*Task requirements:*
With the pictures removed, write out the data below exactly.

*Dataset section:*
*** Begin section ***

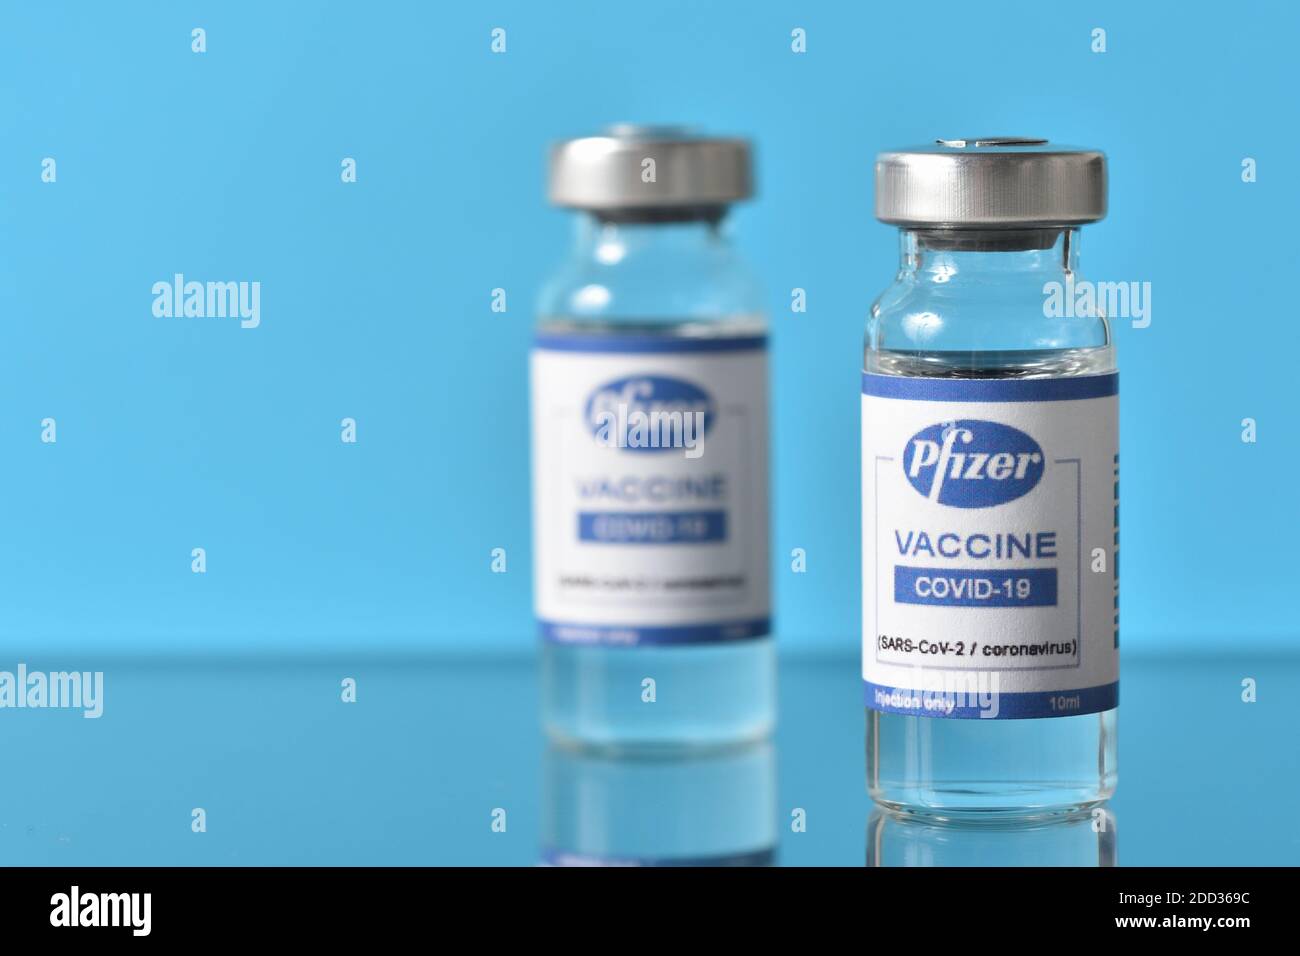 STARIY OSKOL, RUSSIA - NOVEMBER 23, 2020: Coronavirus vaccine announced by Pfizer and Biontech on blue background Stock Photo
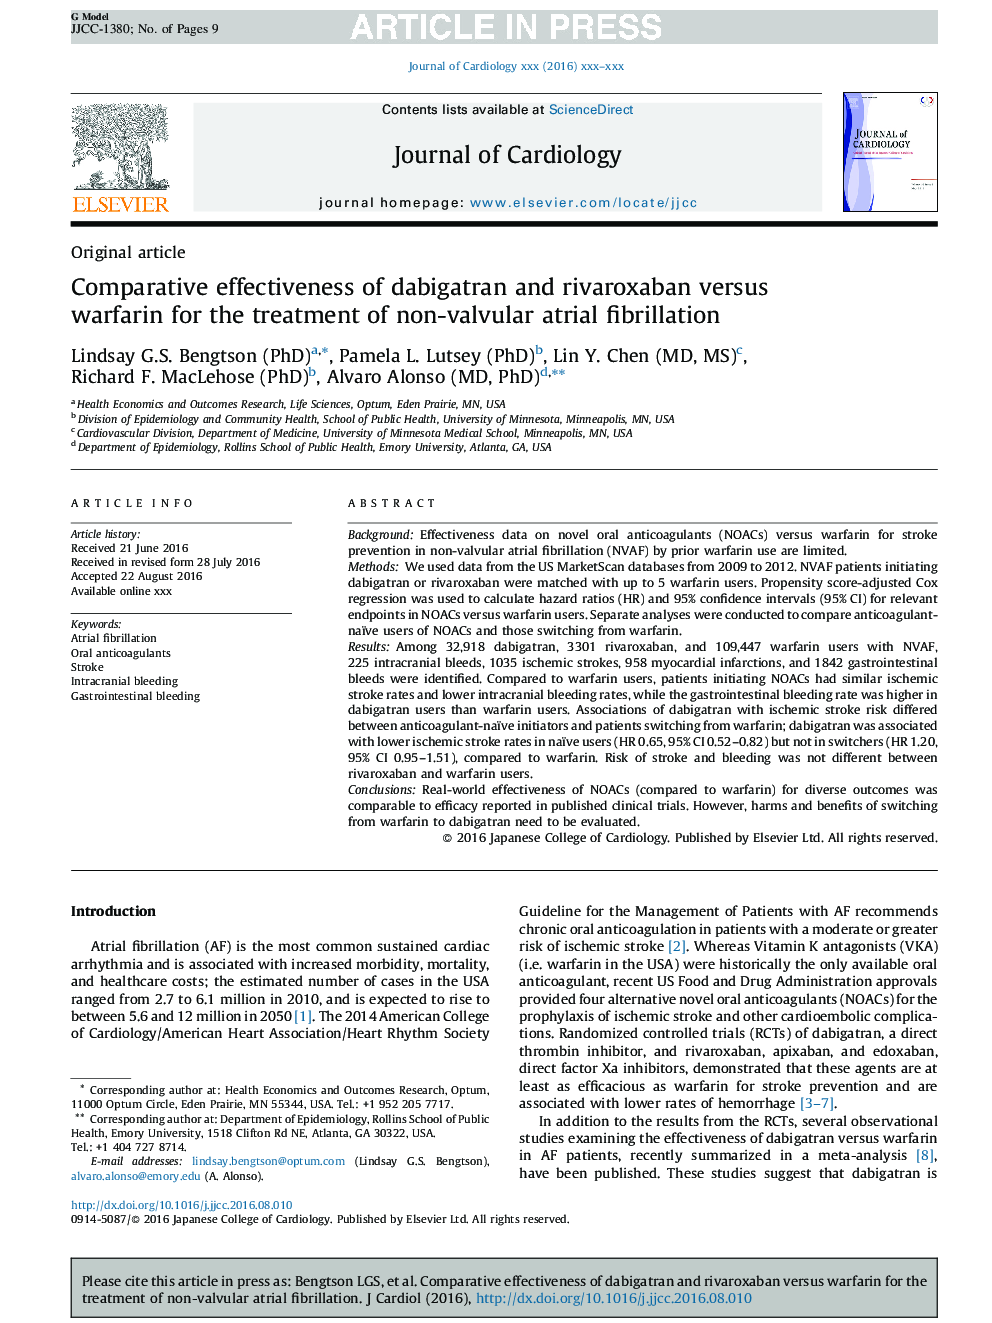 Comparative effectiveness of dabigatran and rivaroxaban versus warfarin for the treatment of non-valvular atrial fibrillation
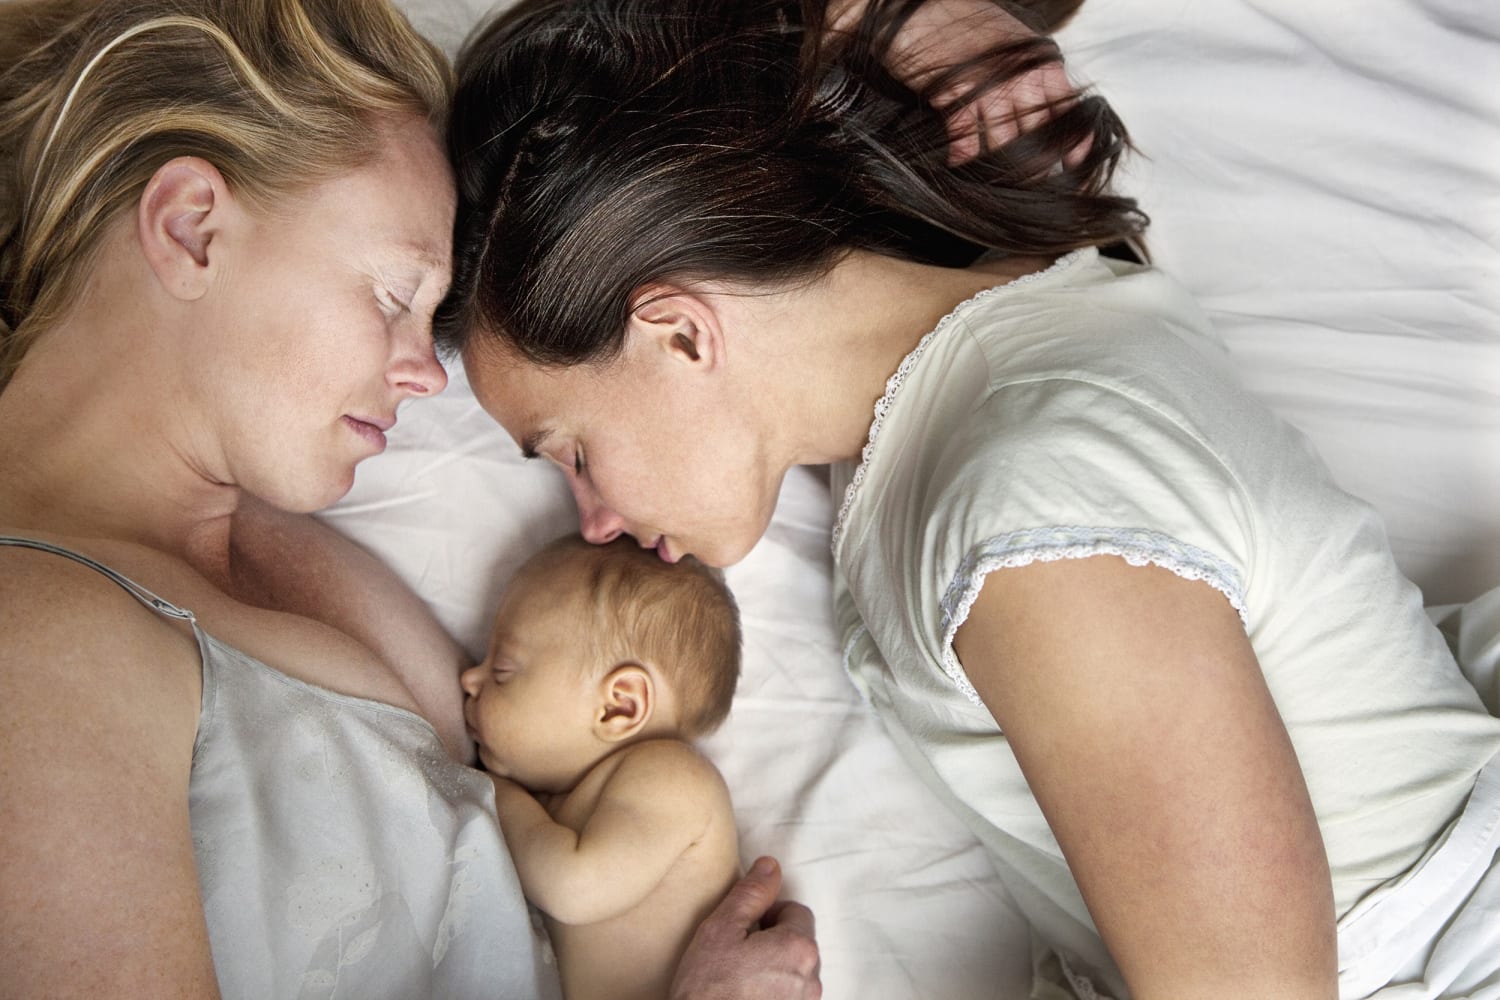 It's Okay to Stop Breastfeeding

*** End section ***

*Task answer:*
 STARIY OSKOL, RUSSIA - NOVEMBER 23, 2020: Coronavirus vaccine announced by Pfizer and Biontech on blue background Stock Photo
 Comparative effectiveness of dabigatran and rivaroxaban versus warfarin for the treatment of non-valvular atrial fibrillation
 It's Okay to Stop Breastfeeding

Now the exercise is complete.